----- SUPPLIED DATA -----
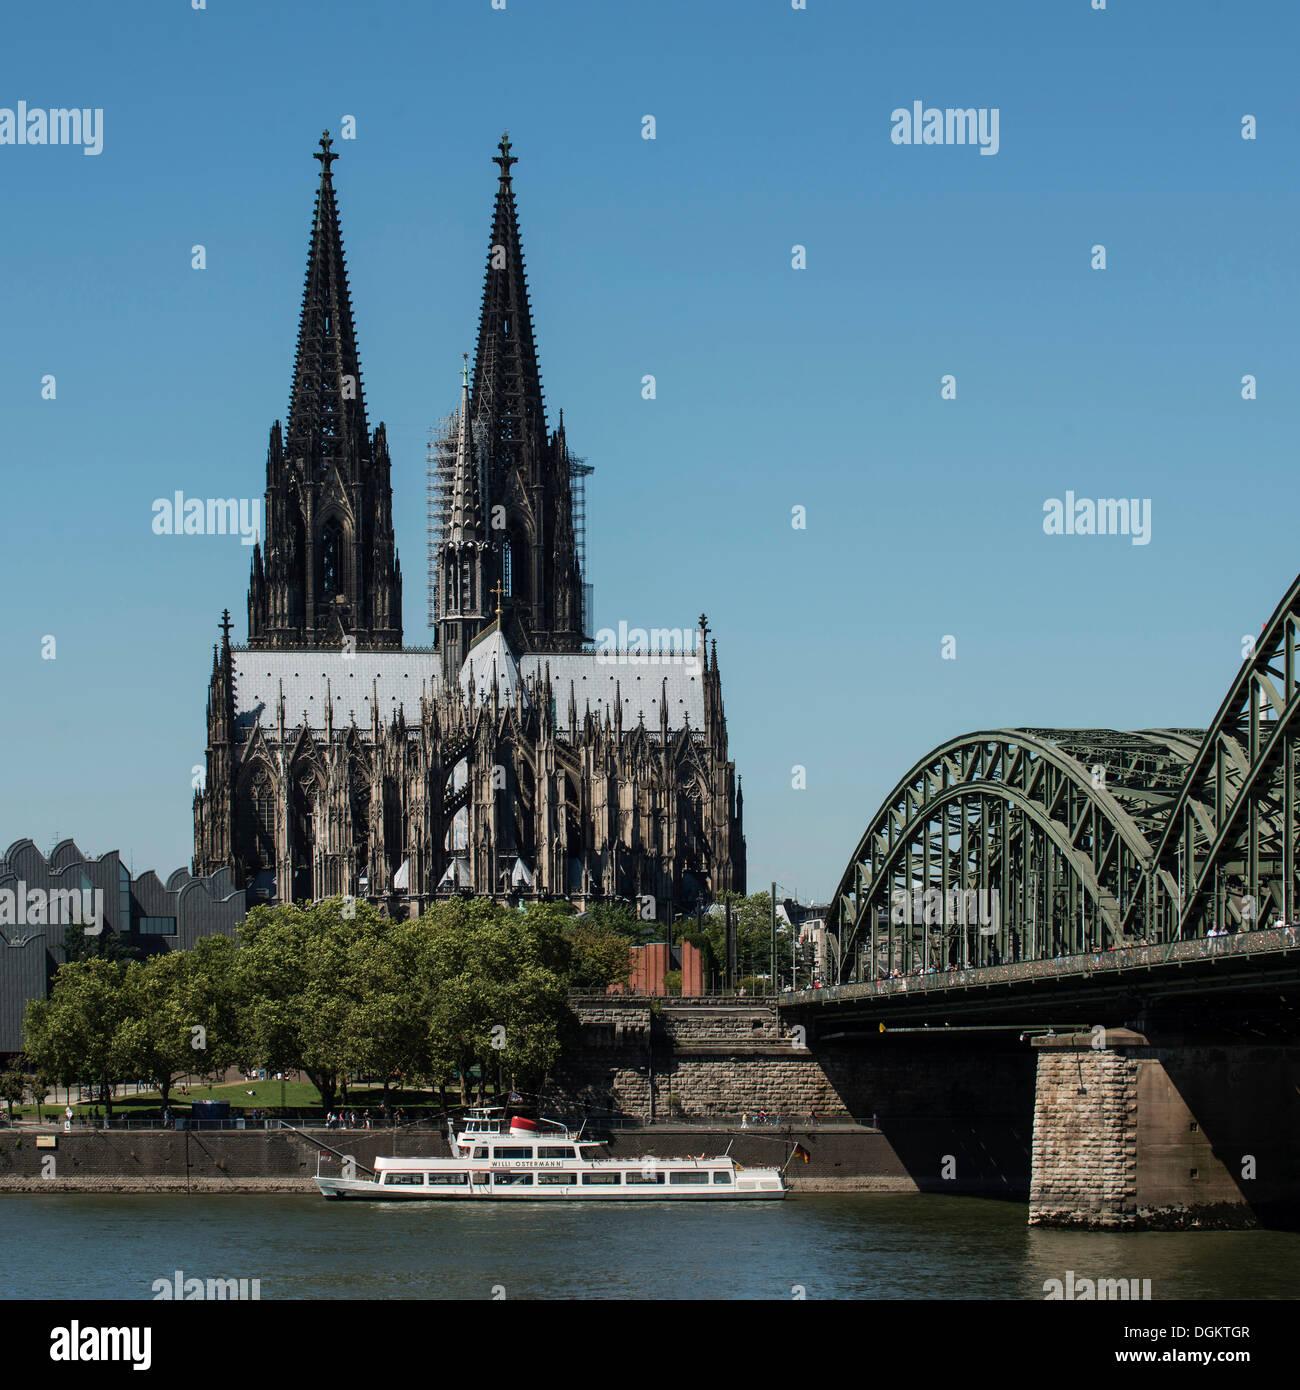 Ver como se ve desde Deutz sobre el río Rhin, puente Hohenzollernbruecke, Willi Ostermann excursión en barco en primer plano Imagen De Stock
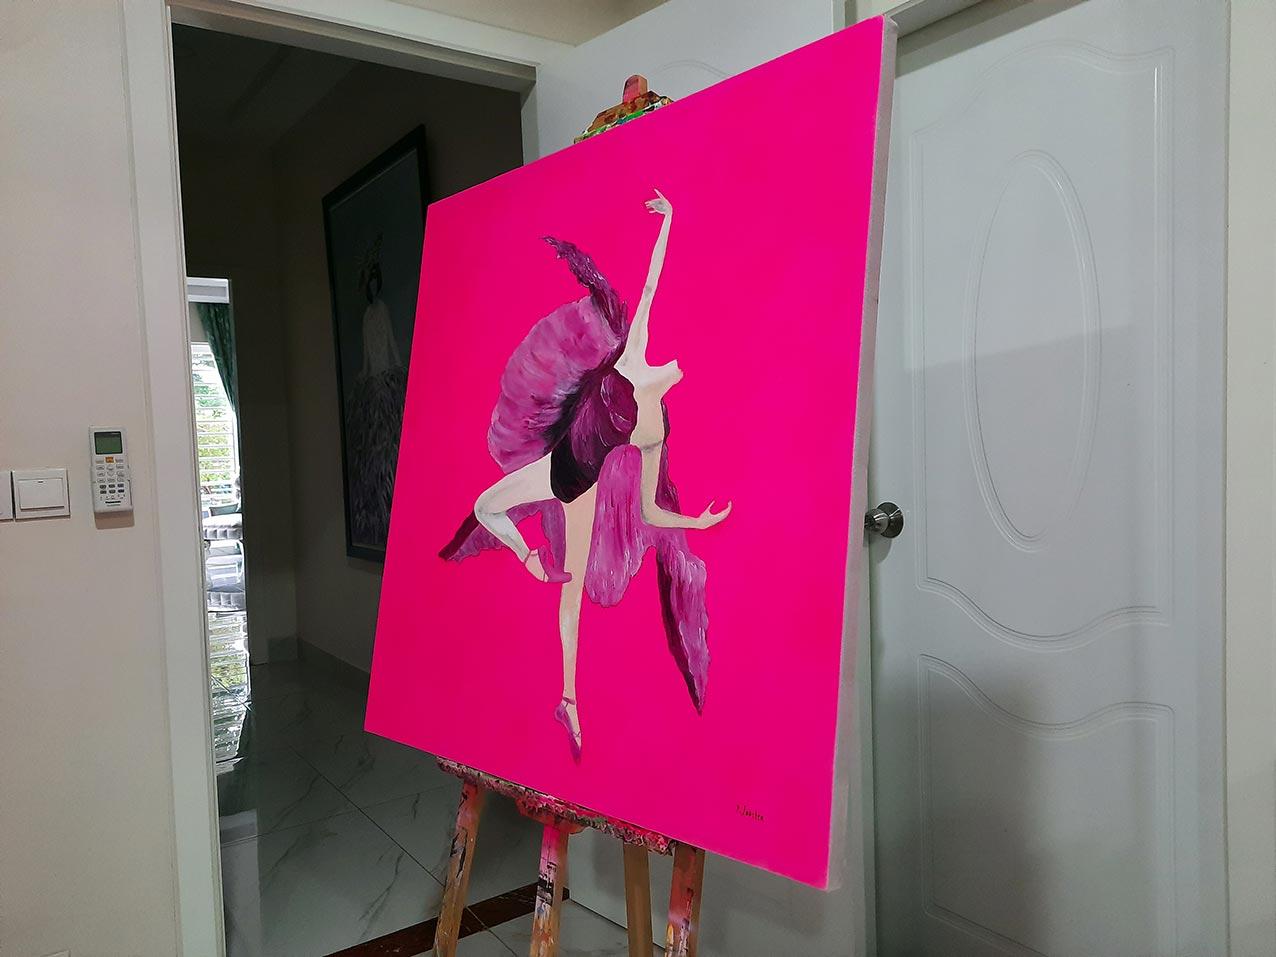 Body-Dancer-Patrick-Joosten-2020-December-08th-Side-view
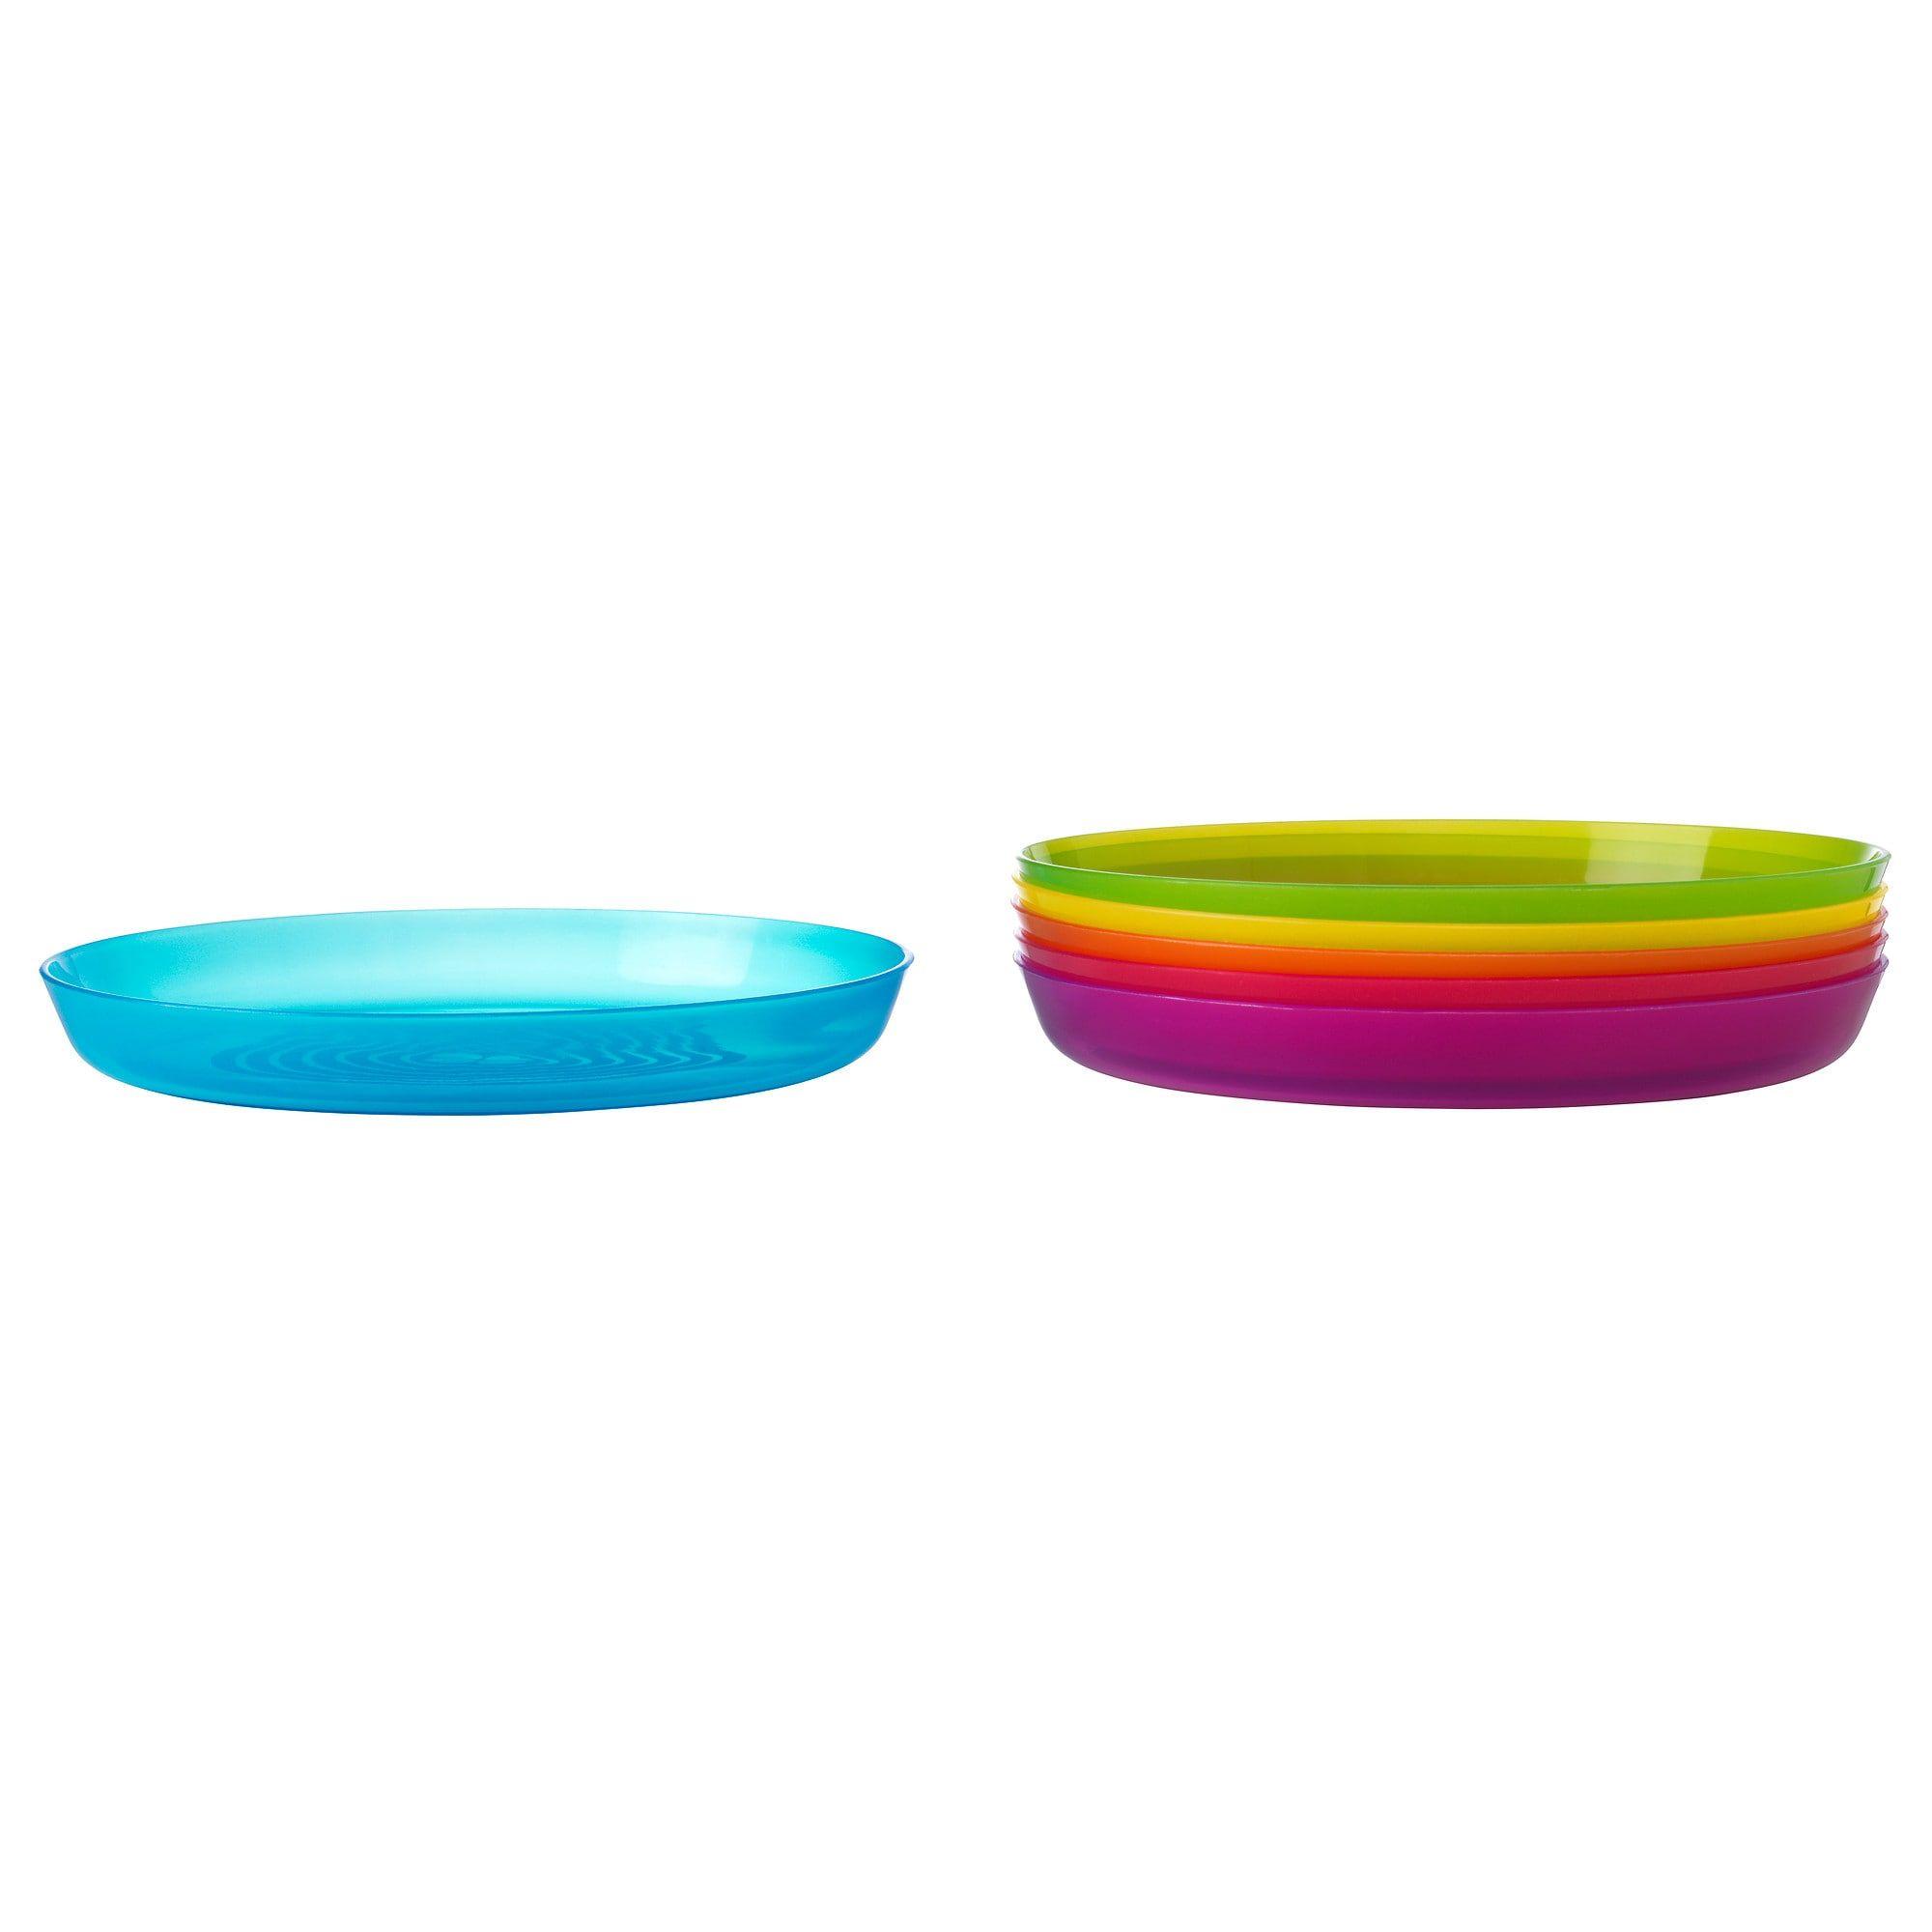 Us Furniture And Home Furnishings Plastic Plates Kids Plates Plastic Cutlery
-----
> EXERCISE INSTRUCTIONS
Give the listing above again word for word, without its pictures.

> WRITTEN ANSWER
 Ver como se ve desde Deutz sobre el río Rhin, puente Hohenzollernbruecke, Willi Ostermann excursión en barco en primer plano Imagen De Stock
 Body-Dancer-Patrick-Joosten-2020-December-08th-Side-view
 Us Furniture And Home Furnishings Plastic Plates Kids Plates Plastic Cutlery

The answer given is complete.